Creating a simple encryption program

Question

I'd like to use java to make a cipher of sorts, but im not sure how to go about it.

Basically, I'd want the machine to accept a string of text, say "Abcd"

and then a key, say '4532'

The program should move the characters forward in the alphabet if the number matching the place of the letter is even, and backward if it's odd.

If there is no number, the key should loop around until it's out of characters in the string to change.

the program would then print the key. Ideally, if im pseudocoding this correctly, deciphering the string would be a reverse process only applicable with the key.

I'm guessing i'd use a combination of an array and if/else statements.

I'm not sure where to start.

Example & edit String: 'hello' Key: '12'

a b c d e f g h i j k l m n o p q r s t u v w x y z

Because the corresponding key value is 1, h will travel backwards that many spaces.

h = g

because e has a 2, it'll move forward that many spaces.

e = g

the first l then becomes k, while the second becomes n. The Key is repeated because the string is out of numbers to compare. o turns into n because it's matched with 1.

hello would become ggknn with the key 42.

Answer 1

Find below the class for encyption

public class App 
{
    public static void main(String arg[]) 
    {

        String keys = "12";
        String codes = "hello";
        StringBuilder result = new StringBuilder();

        char[] codeList = codes.toCharArray();
        char[] keyList  = keys.toCharArray();

        int maxCount = keys.length();
        System.out.println("The length is "+maxCount);
        int i = 0;

         for (Character code : codeList) {

             int key = Character.getNumericValue(keyList[i]);

                 if(key % 2 == 0)
                    {
                      int res = code+key;
                      result.append((char)res);
                    }
                    else
                    {
                       int res = code-key;
                      result.append((char)res);
                    }
                 i++;
                 if(i==maxCount)
                 {
                    i = 0;
                 }
             }
         System.out.println("The result is "+result.toString());
        }
}

Answer 2

There are many methods of Encryption, but if you want to learn about Encryption you should start with the study of XOR encryption. XOR Encryption uses a key and XORs the binary code of every character with the key. If the key is longer than the encrypted code it creates a One-Time Pad that is impossible to decrypt.

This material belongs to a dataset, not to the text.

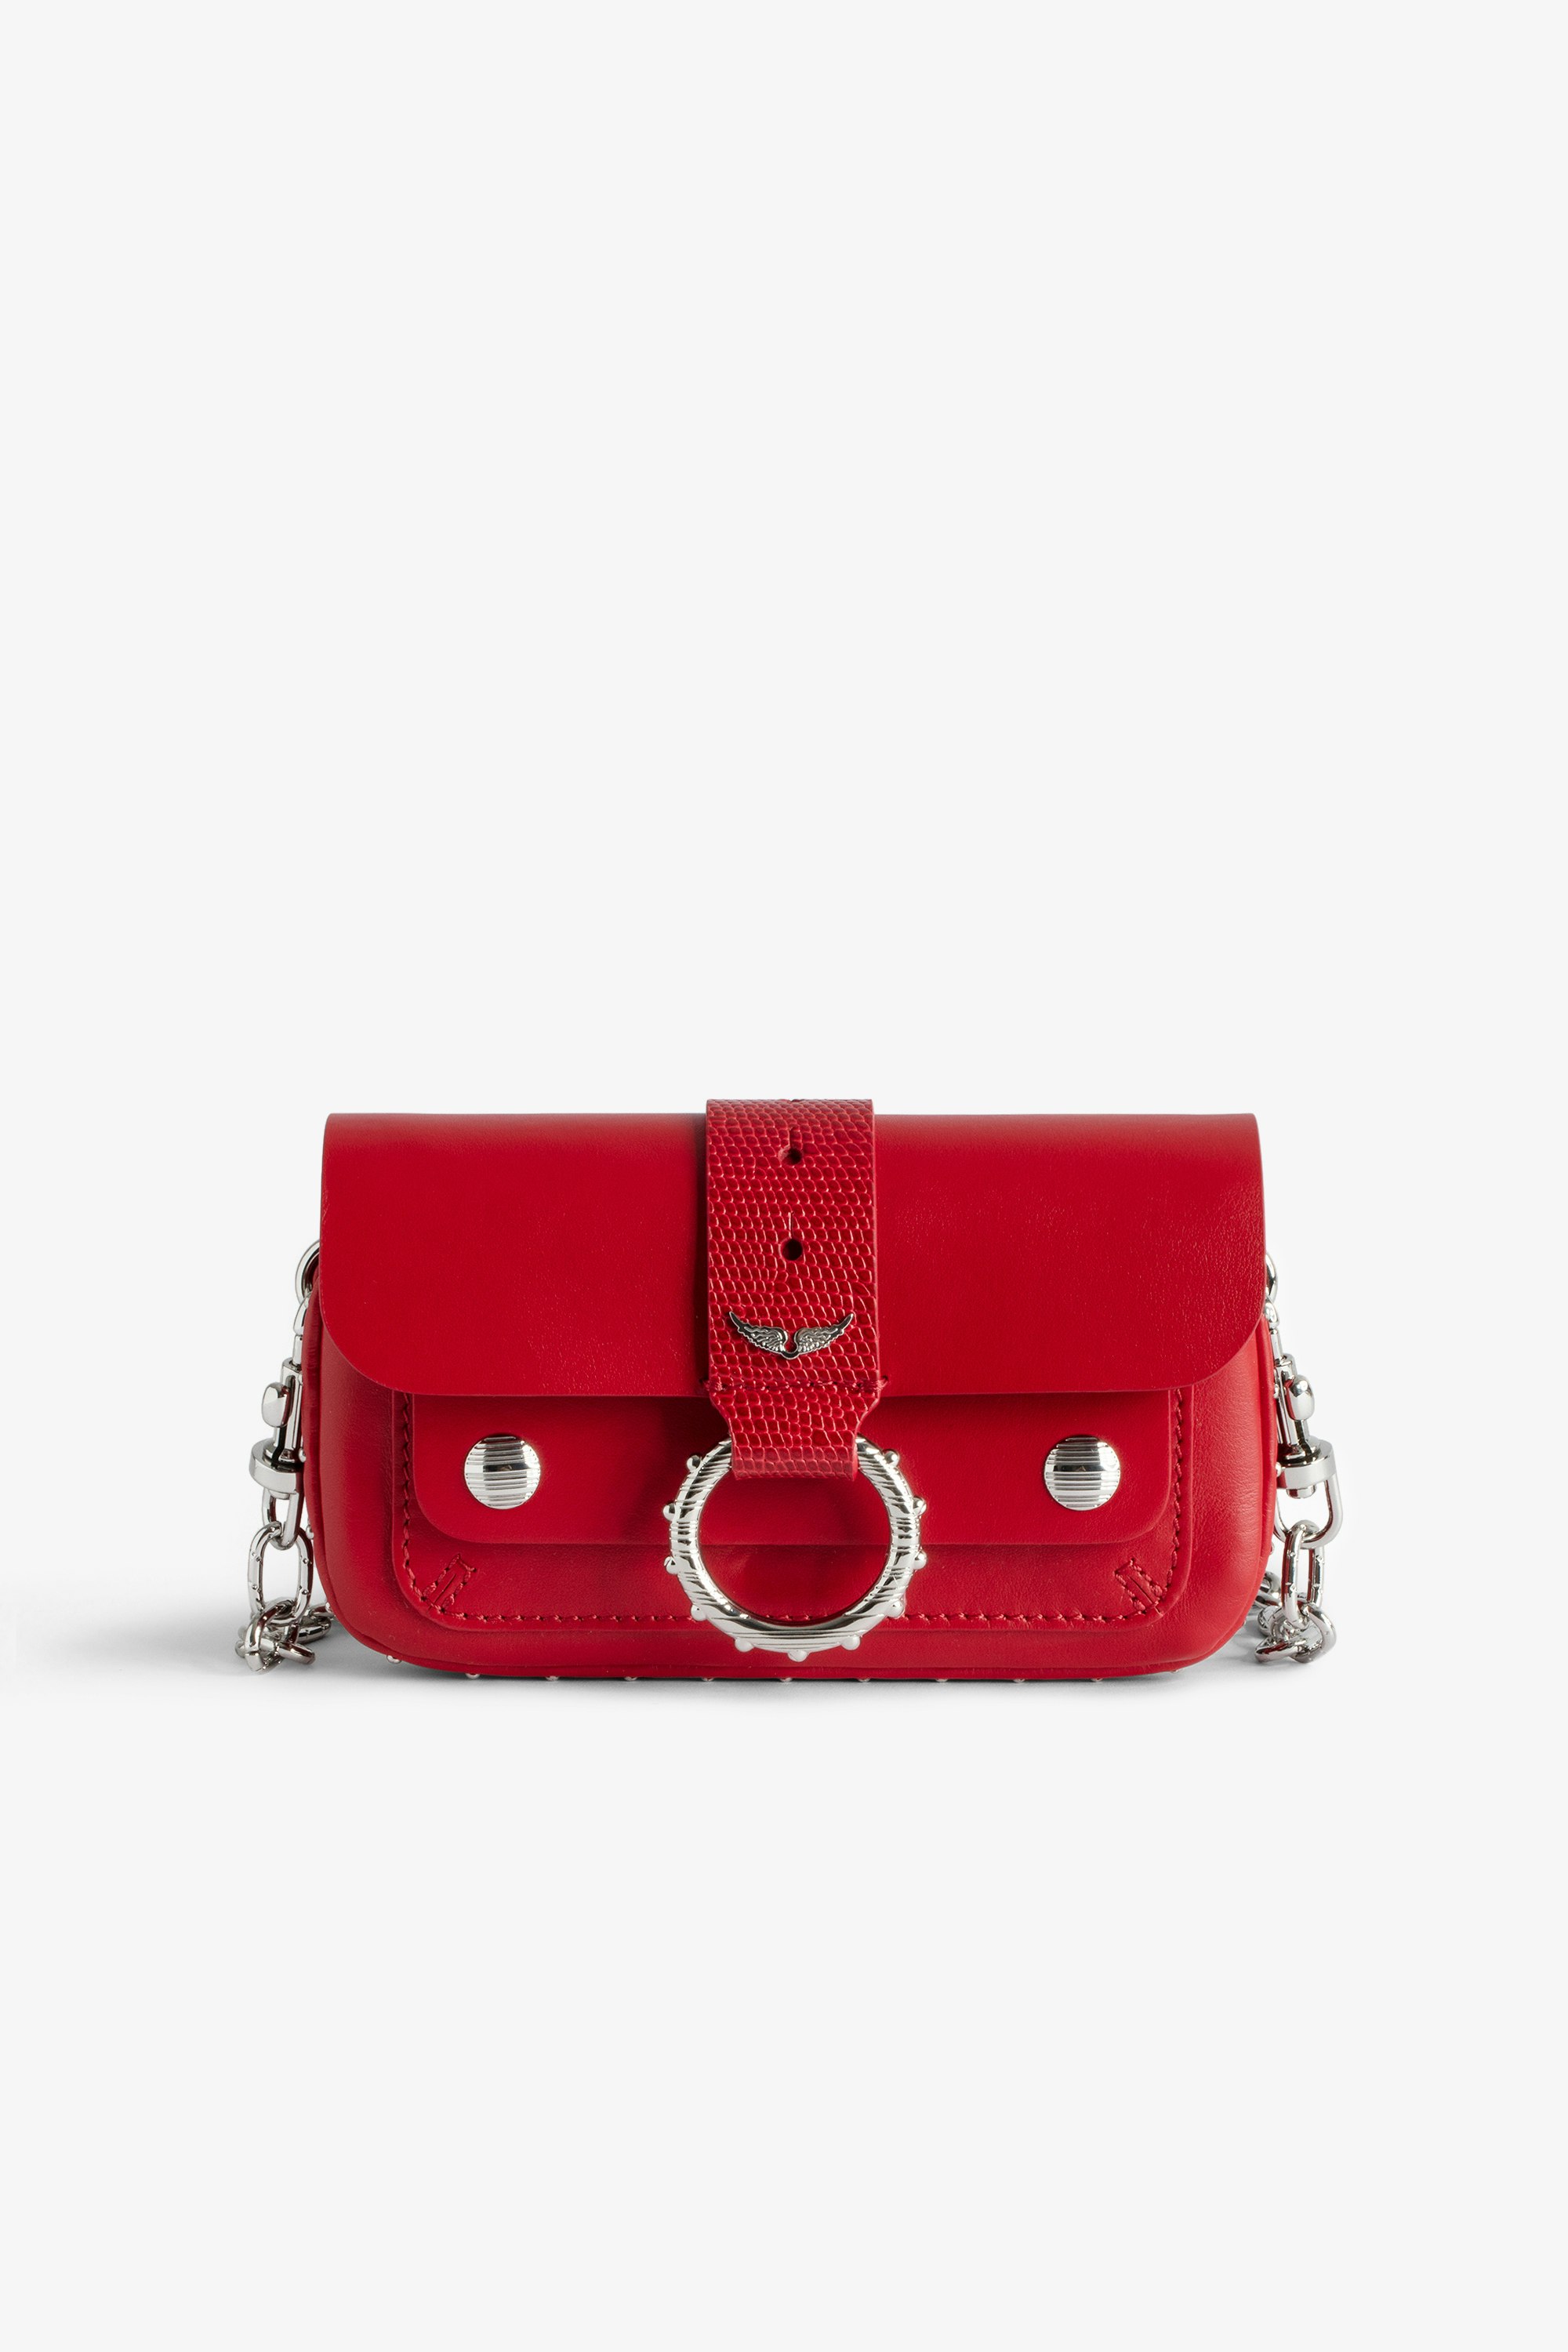 Borsa Kate Wallet Mini borsa in pelle liscia rossa con catena in metallo e passante in pelle goffrata effetto iguana da donna.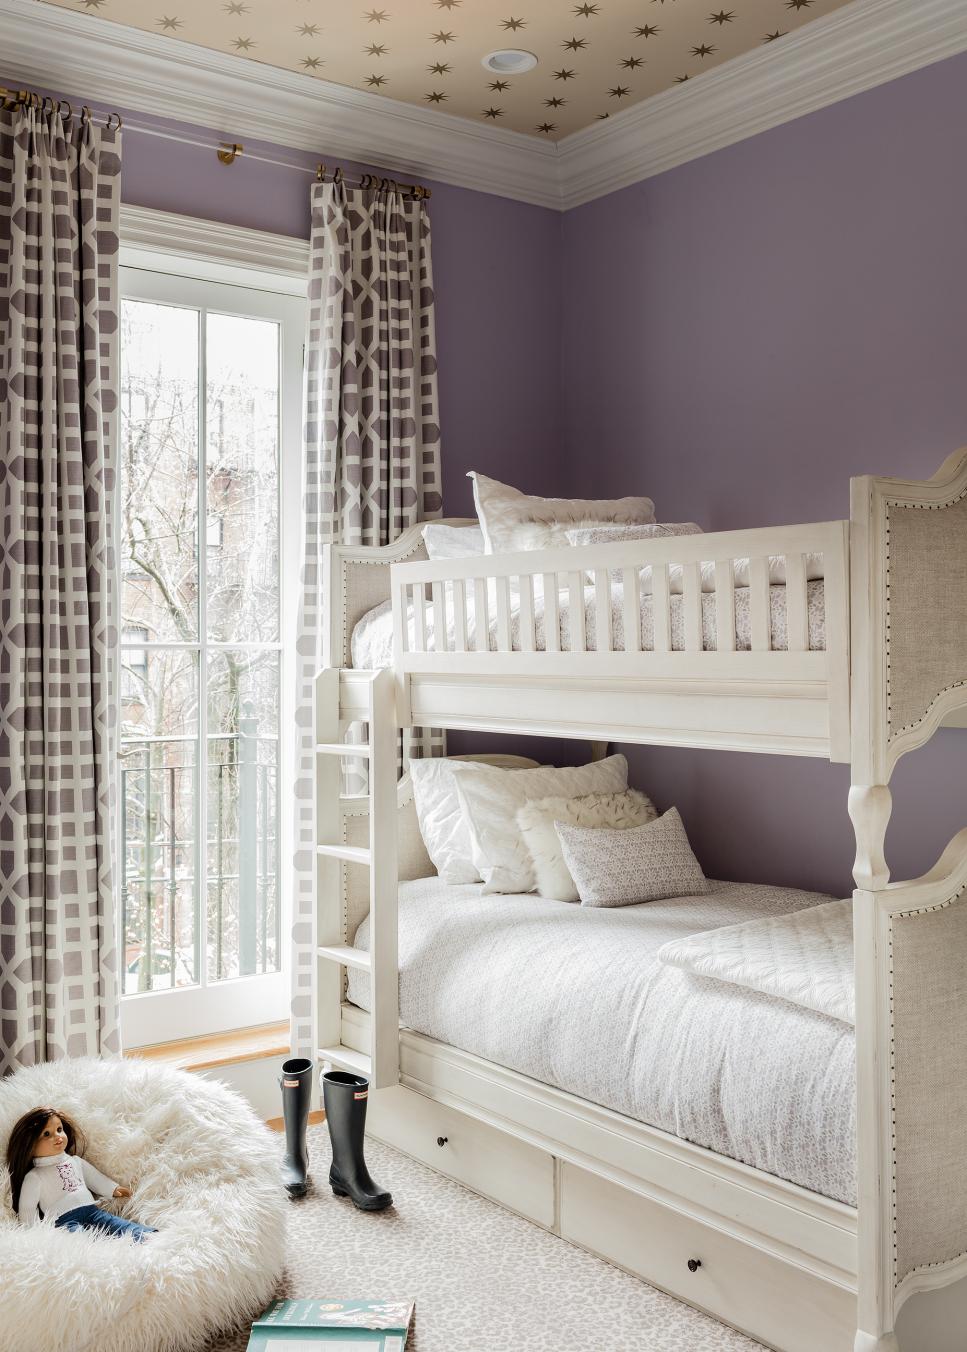 Dreamy Girl's Bedroom in Soft Purple HGTV

XOR - Exclusive OR - Unlike OR both values can not be true at the same time.

Simple Explanation:

1. Pretend you want to encrypt the string "hello world" with the key 'c'.
2. For every character in the string XOR it with the key c.

3. Pretend the binary value of h is 1100011 and the binary value of c is 0010110 (these are made up and will not work) then you XOR every corresponding binary value.

   1100011
   XOR
   0010110
   -------
   1110101
   

1110101 is the XORed binary value.

1. You then cast the binary value back into character and you do this for every step of the encrypted string.

Problems:

Insecure for short keys. but very powerful for long keys and creates a one time pad.

Example code:

http://www.ecestudents.ul.ie/Course_Pages/Btech_ITT/Modules/ET4263/More%20Samples/CEncrypt.java.html

Answer 3

Here are possible steps you can take to do this. This is not an exact and working solution, but it will hopefully get you started.

1. Start by reading input from the console (via Scanner or a BufferedReader for example).
2. Split your input on spaces perhaps, so that you have a String[] of words.
3. Loop through the String[] of words, and loop again for which word. You can have a counter that is incremented in each iteration of an inner loop and gets reset at the end of an inner loop. You can use that counter variable to get a position into the key (key[counter%lengthOfKey]) in each iteration of the inner loop. If the (counter%lengthOfKey)%2 == 0, you have the even number case for the key, else the odd numbered case. Do whatever encryption at that point (simple substitution cipher for example).